Incredibly brief Tsurune meat-shopping scene aired exactly eight months before arson attack.
Shinji Aoba, the arsonist who set the fire at anime production company Kyoto Animation’s Fushimi studio in the summer of 2019, has admitted that his goal in the attack was to kill as many people as he could. The reason for his rage, as he shouted as he was being taken into custody on the day of the incident, is that he felt Kyoto Animation had stolen one of his ideas and used it in one of their anime without crediting or compensating him.
Aoba isn’t a scriptwriter by trade, but he had submitted an entry to Kyoto Animation’s periodic novel-writing competition, which is open to amateur authors and issues awards that sometimes include publishing and anime adaptation deals. Though Kyoto Animation confirmed that it had received a submission from Aoba, the company added that it was removed from awards consideration after the first round of judges’ evaluations, and that it had “no similarity to any Kyoto Animation works.”
During the arson investigation, it came to light that Aoba felt Kyoto Animation had stolen his work for use in its Tsurune TV anime, which premiered in 2018 (and is itself an adaptation of a novel series by author Kotoko Ayano). Kyoto Shimbun is now reporting that Aoba has indicated the specific scene that he feels was copied from his novel, with the arsonist saying “The thing Kyoto Animation copied from me was the scene in Tsurune where the main characters buy discounted meat.”
Tsurune, it should be noted, is not a cooking anime. The series follows a group of boys in a high school archery club. The discounted meat scene is a non-consequential moment that takes place in Episode 5, which originally aired on November 18, 2018, exactly eight months before the arson attack took place. In the episode, teammates Minato and Nanao make a shopping run during a training retreat for the club.
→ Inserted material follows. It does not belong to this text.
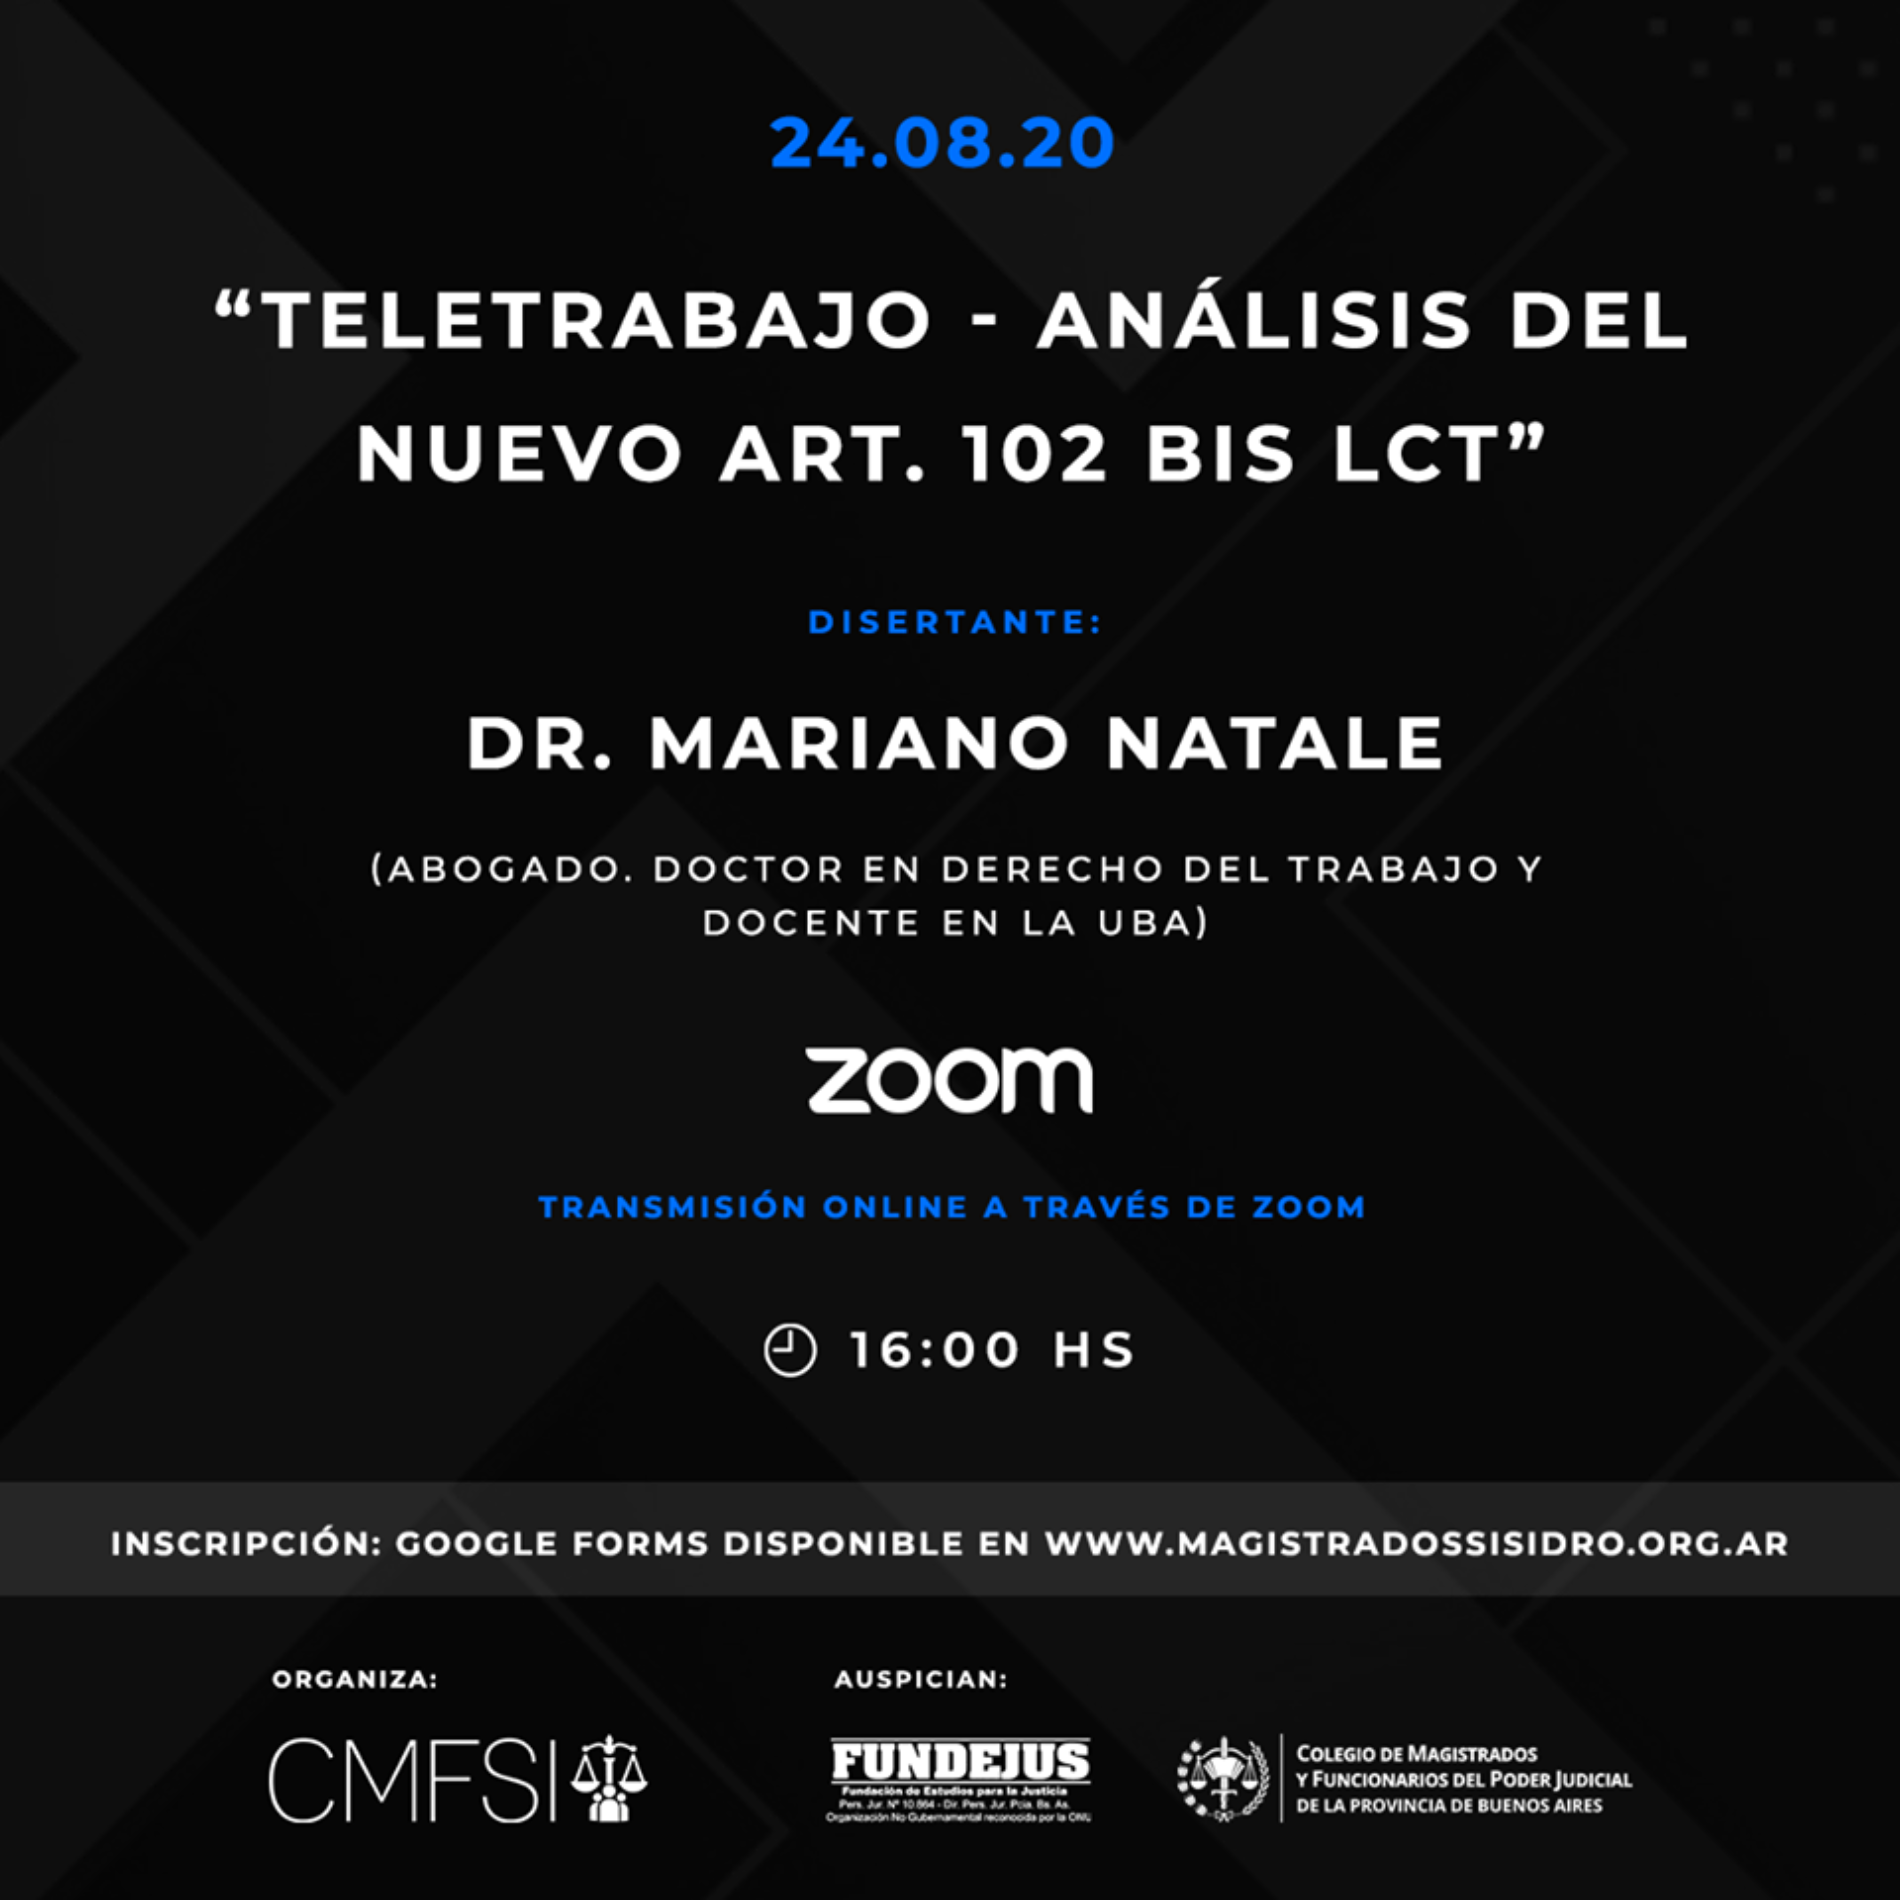 """Jornada """"TELETRABAJO – ANÁLISIS DEL NUEVO ART. 102 BIS. LCT"""". Organiza CMFSI."""

Minato proposes buying meat that’s near its expiration date, since they’ll be eating it all that day and it’s cheaper. Nanao compliments him on his clever thriftiness, and Minato deflects the praise by saying that it’s something that he’s used to from his family having a tight grocery budget. Then they talk a bit about how another member of the club, Kaito, has a gruff exterior, but is actually a really kind guy, in his own way, underneath.
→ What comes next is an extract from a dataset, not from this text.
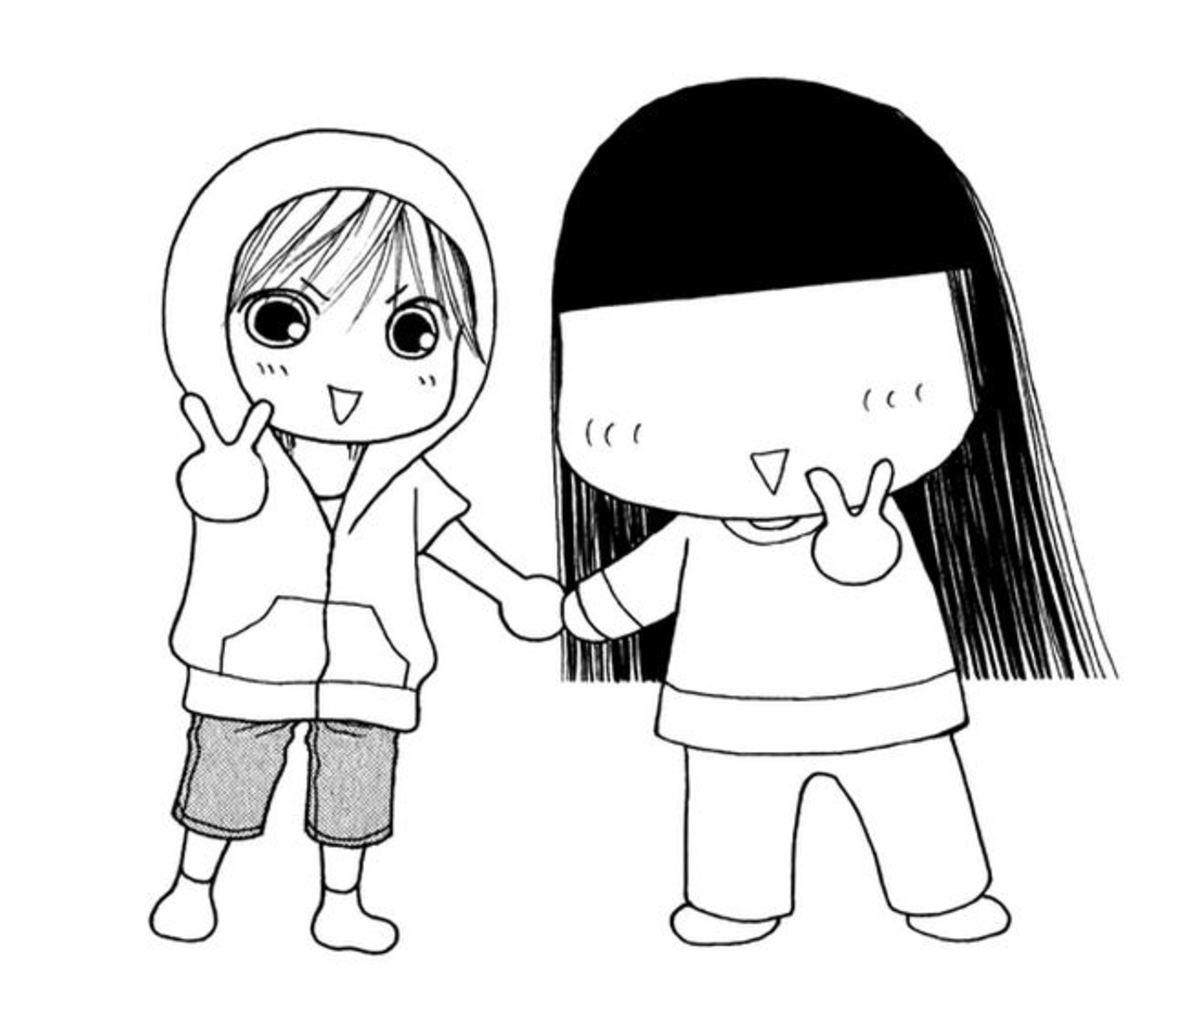 Kyohei and Sunako
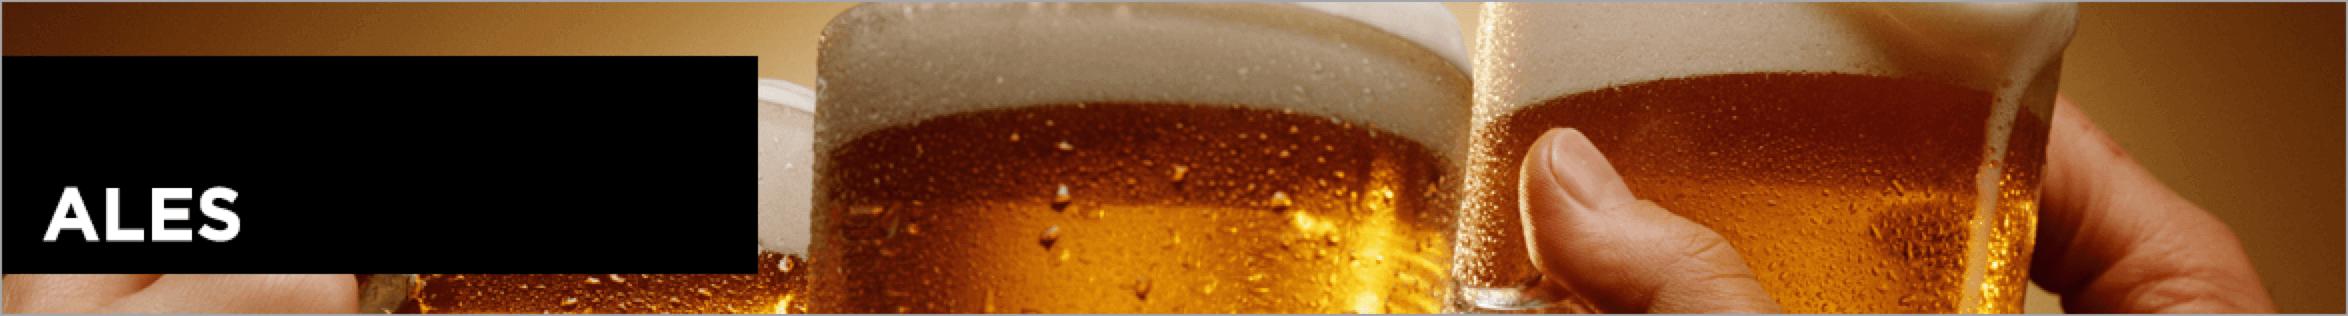 Beer 101 Guide Ales

▼ Tsurune (not the scene in question)
From just about any angle, it’s an overwhelmingly generic bundle of storytelling tropes and character archetypes, ones that have been established and repeated in hundreds of anime stretching back dozens of TV seasons. Even the idea of picking out soon-to-expire items at the grocery store to stretch your budget is common knowledge in Japan, and the entire scene lasts just two minutes and 25 seconds.
It’s possible that Aoba’s novel used a similar framing device to celebrate a character’s subtle earnestness, and perhaps a desire to have his own self-perceived virtues recognized by others made the idea seem particularly personal to him, but “character has good traits that nobody notices until they’re revealed in an unexpected way” is one of the most standard setups in anime, and so Aoba’s claim that Kyoto Animation owed him a debt for that brief snippet of Tsurune is unlikely to earn him any leniency when punishment is handed down in his trial.